Solve for : x
\( x^2 + 4x + 3 = -(x + 3)(x + 5). \)
Thanks help when you can :)
Factor L side to (x+3)(x+1) then cancel (x+3) from both sides of the equation and solve.... x+1 = - (x+5)
Not sure why you say it is incorrect,
if you solve as instructed: x+1 = - (x+5) you will find x = -3
I think YOU are incorrect... thanx for not really trying though !
You can only cancel x+3 from borh sides (i.e. divide both sides by x+3) as long as x+3 is not zero. Here, x+3 turns out to be zero.

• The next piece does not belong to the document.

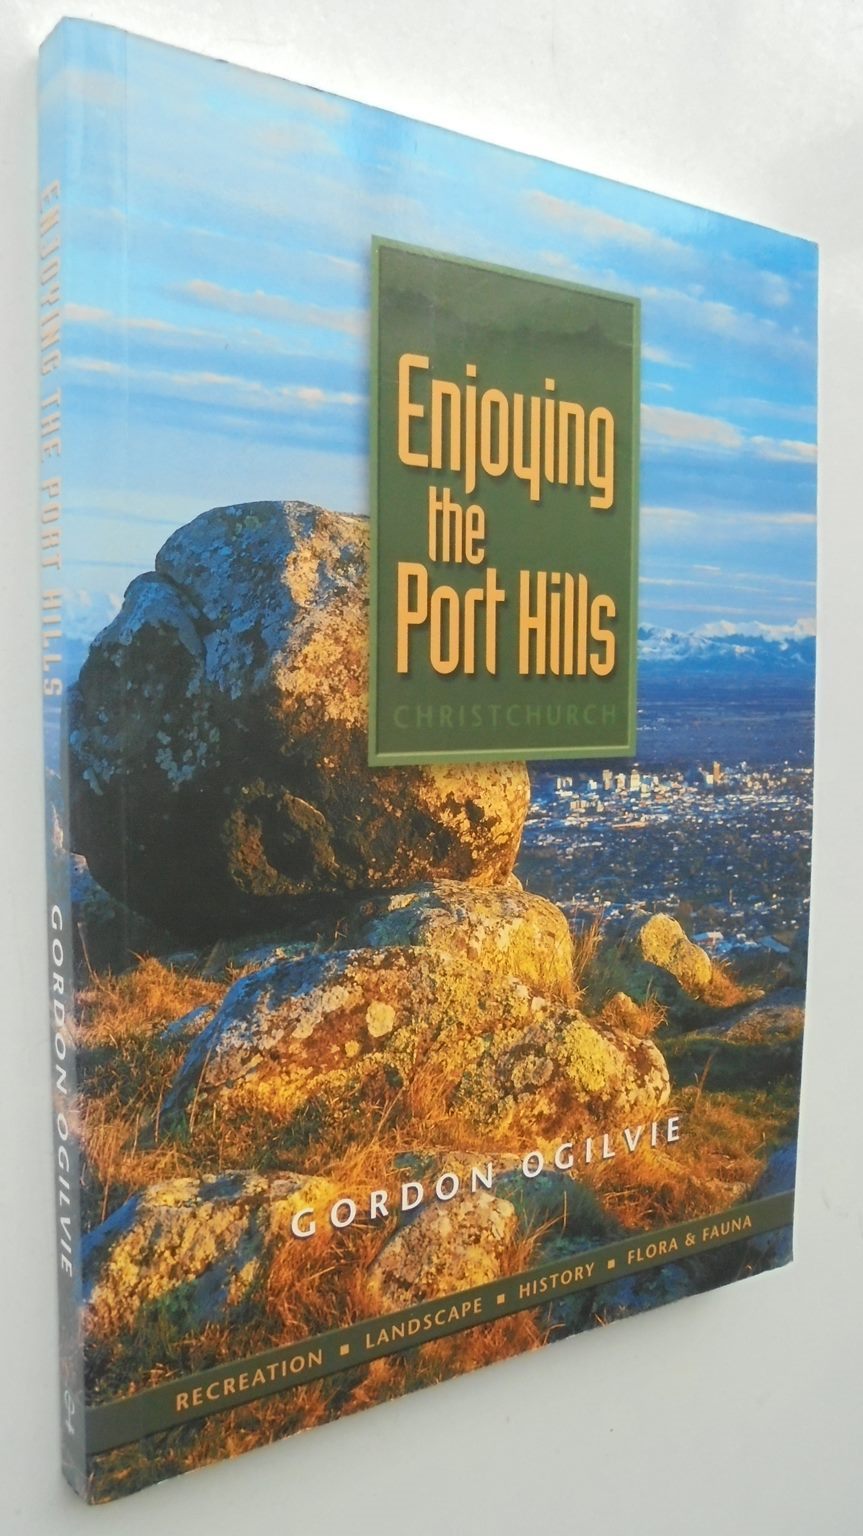 Enjoying the Port Hills By Gordon Ogilvie. SIGNED BY AUTHOR
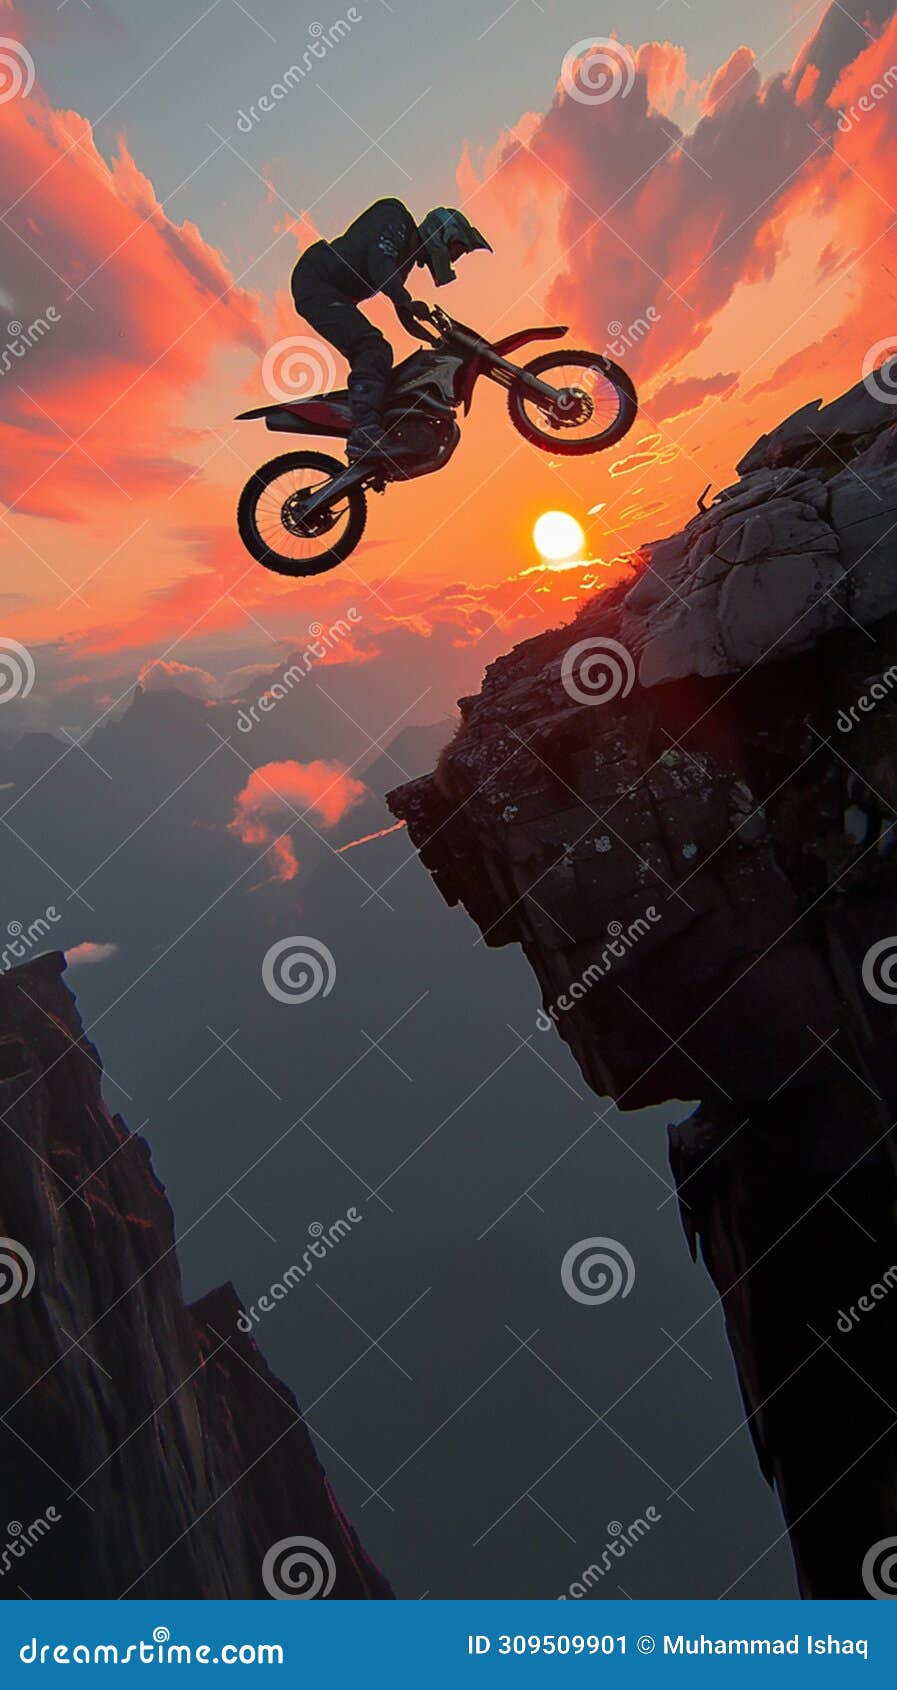 daring mountain feat motorbike rider performs sunset stunt on rocky slope

Fortuitously, you still get the right answer in this case! However, performing mathematically illegal operations is not valid, whatever the apparent result.
Solve for x:
x^2 + 4 x + 3 = -(x + 3) (x + 5)
Expand out terms of the right hand side:
x^2 + 4 x + 3 = -x^2 - 8 x - 15
Add x^2 + 8 x + 15 to both sides:
2 x^2 + 12 x + 18 = 0
Divide both sides by 2:
x^2 + 6 x + 9 = 0
Write the left hand side as a square:
(x + 3)^2 = 0
Take the square root of both sides:
x + 3 = 0
Subtract 3 from both sides:
x = -3